YouTube restricts access to conservative radio host's videos - Thorondor
http://www.wsj.com/articles/warning-this-article-is-educational-1476918851
======
jfaucett
This shouldn't be surprising to anyone envolved with social media. This type
of thing has been going on for the last couple of years. The most recent high
profile event was when Twitter banned Milo Yiannopoulos for bigoted comments
which his followers posted. [1] But it is often the case that this type of
thing occurs because of a flagging algorithm.
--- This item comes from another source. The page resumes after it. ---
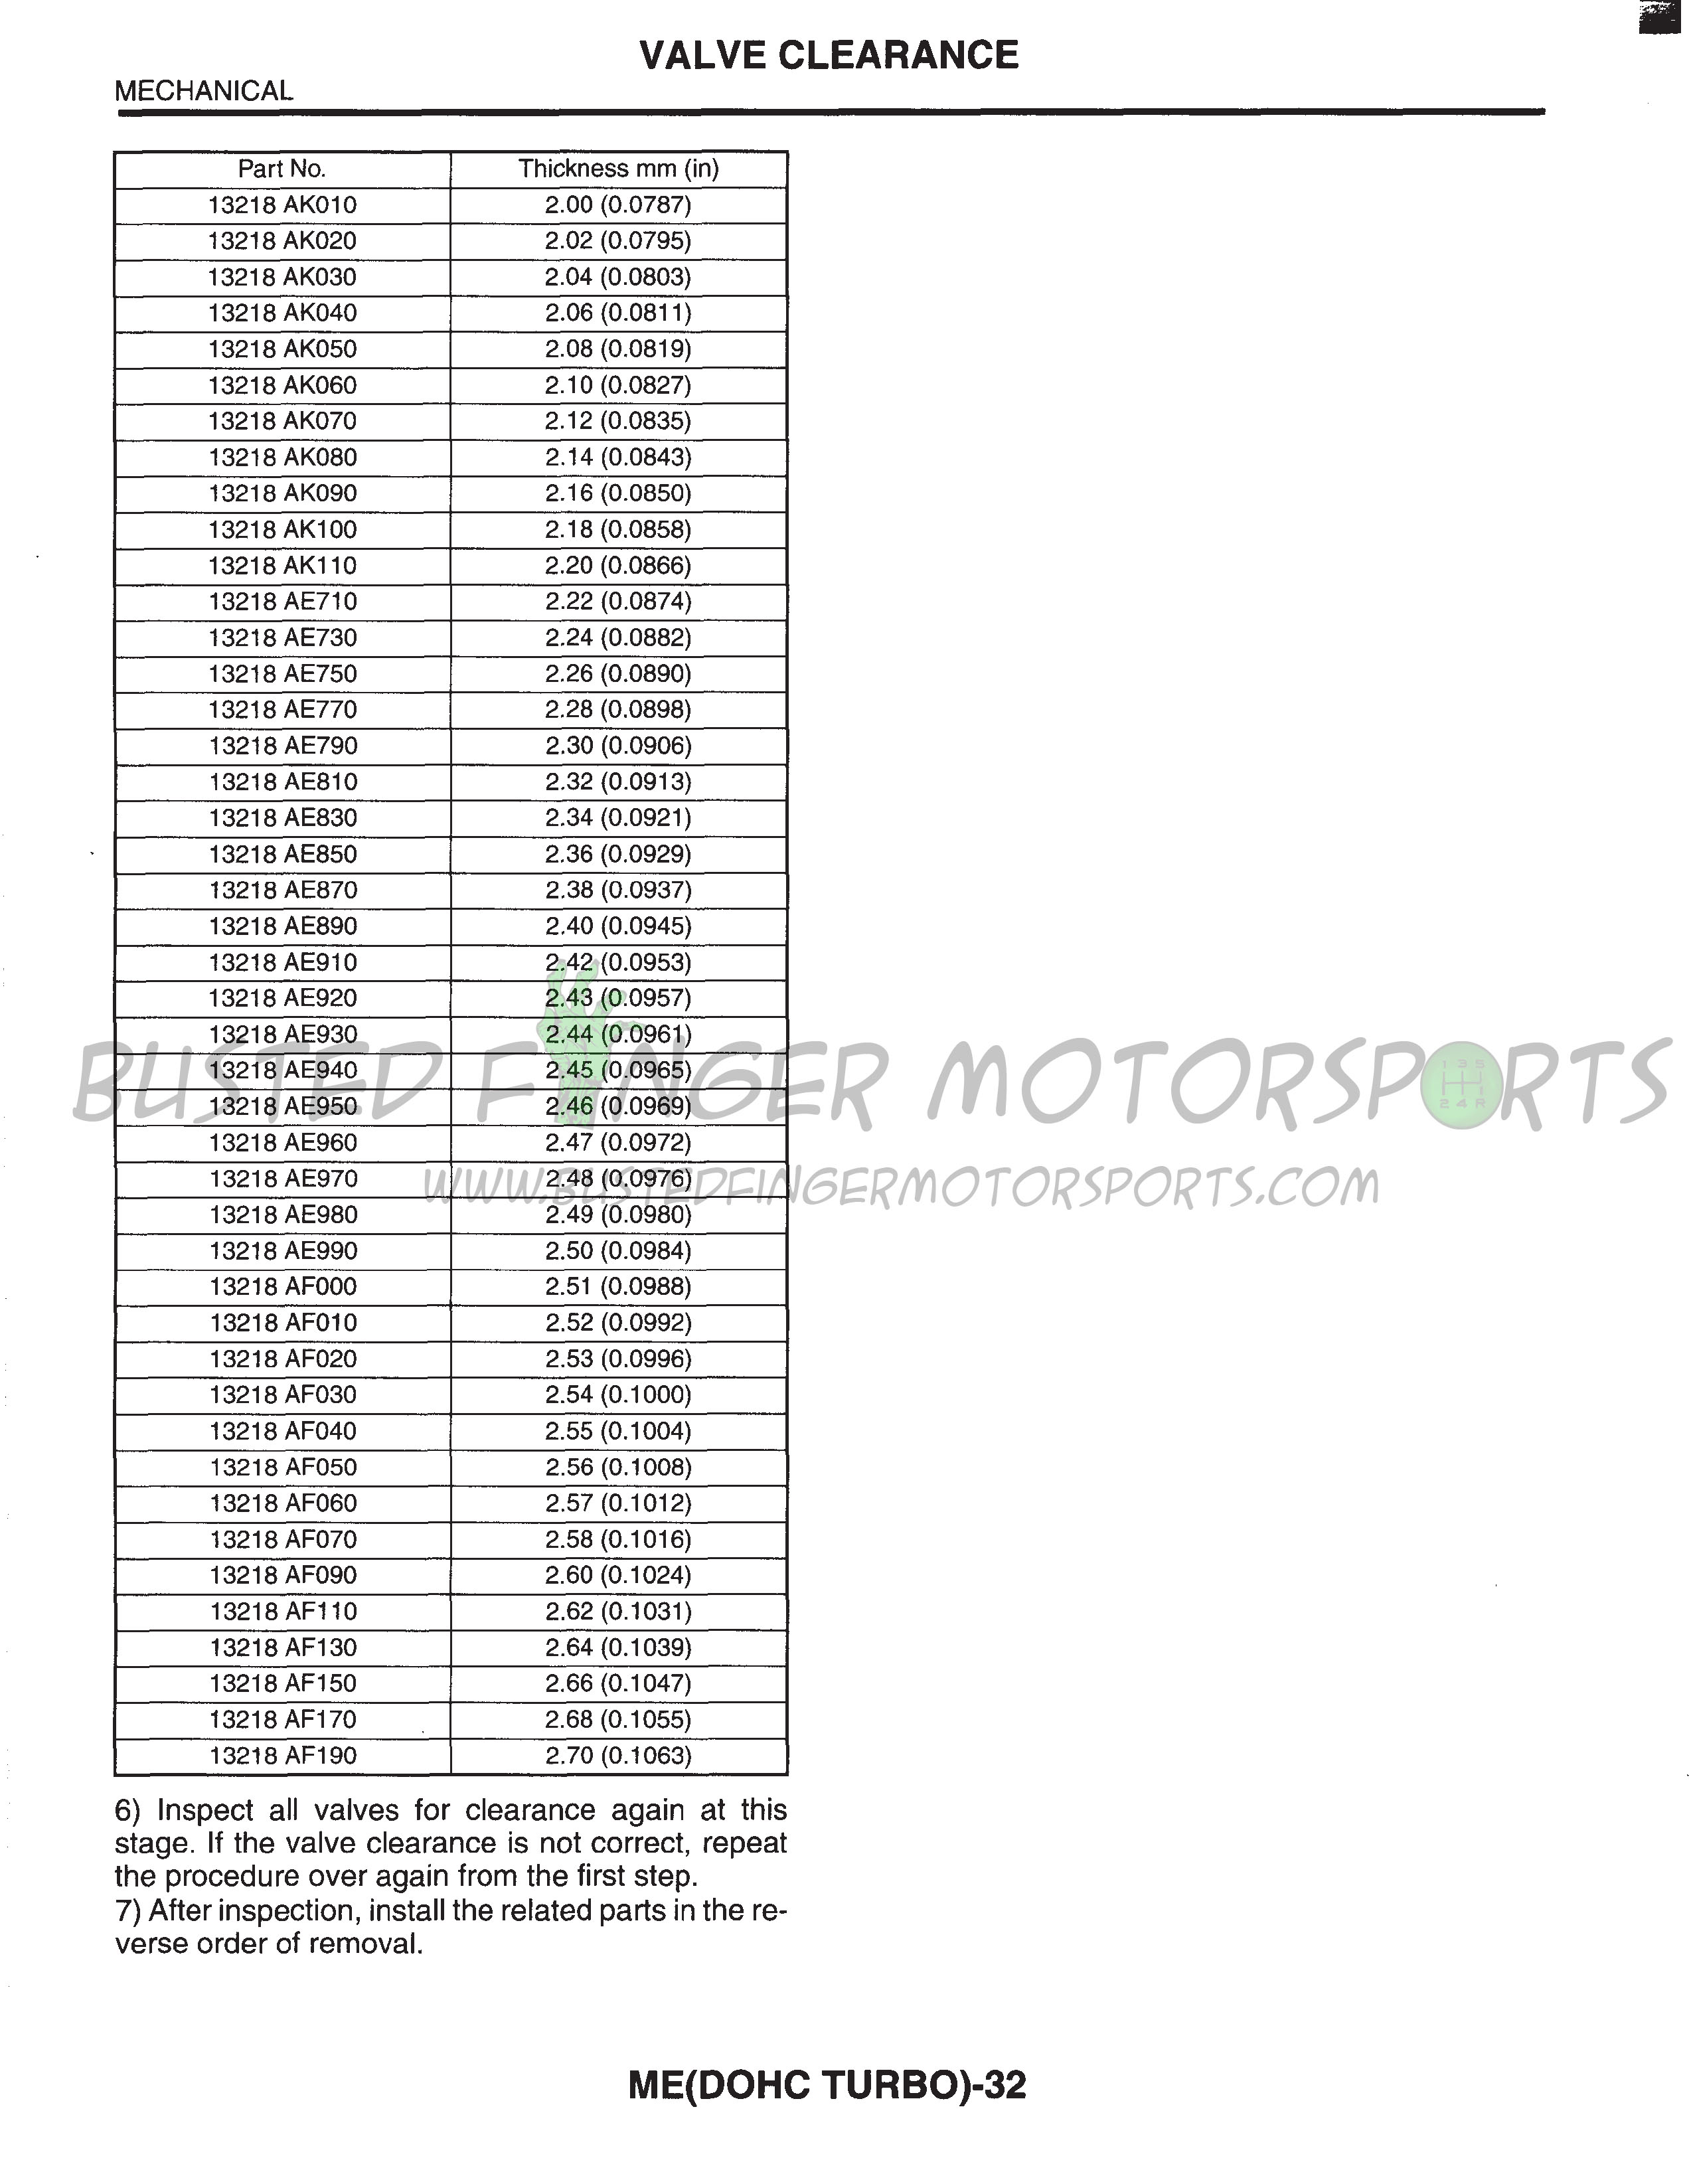 2002 subaru wrx ecu wiring diagram 1995 honda civic forester ej20 engine html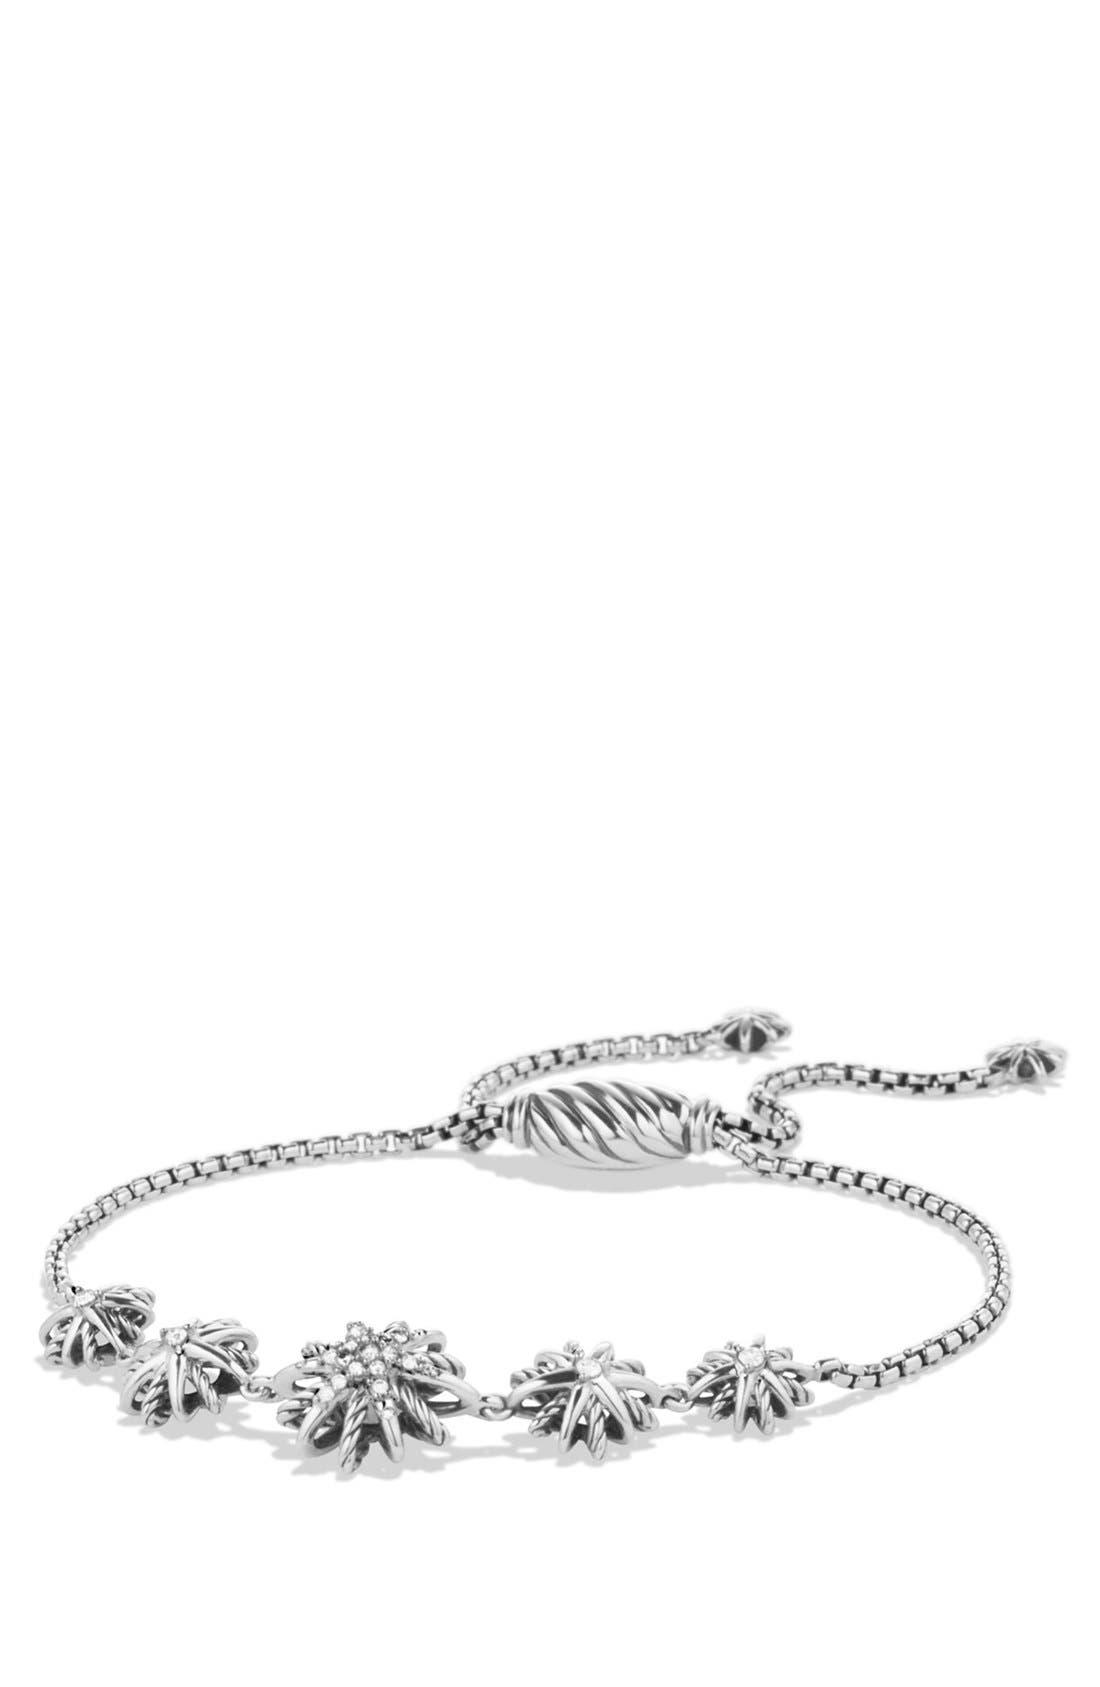 DAVID YURMAN 'Starburst' Five-Station Bracelet with Diamonds, Main, color, DIAMOND

However, I would still defend Youtube's right as a company to act as it
chooses. If people dislike Youtube's behaviour they can leave the platform,
and if enough so choose Youtube will feel the free market forces acting just
like any other company would.

This does highlight an overal issue I've noticed recently, namely, a growing
tendency for people to not be capable of rational discussion. And if someone
presents a differing viewpoint, many people and companies alike respond in an
outraged and overblown PC manner.

To see something along these lines that is actually going on in Canada right
now check out Jordan B Petersons videos on youtube. [2] I really could not
believe what's happening to this very intelligent man is real until I saw it
for myself.

Anyway, I wish people could just calm down with the emotional outbursts and
have rational debate to come to conclusions about specific issues or even
agreements to disagree.

1\. [https://www.buzzfeed.com/charliewarzel/twitter-just-
permanen...](https://www.buzzfeed.com/charliewarzel/twitter-just-permanently-
suspended-conservative-writer-milo?utm_term=.hsMagAK9v#.kyR2MmNLg)

2\.
[https://www.youtube.com/user/JordanPetersonVideos/videos](https://www.youtube.com/user/JordanPetersonVideos/videos)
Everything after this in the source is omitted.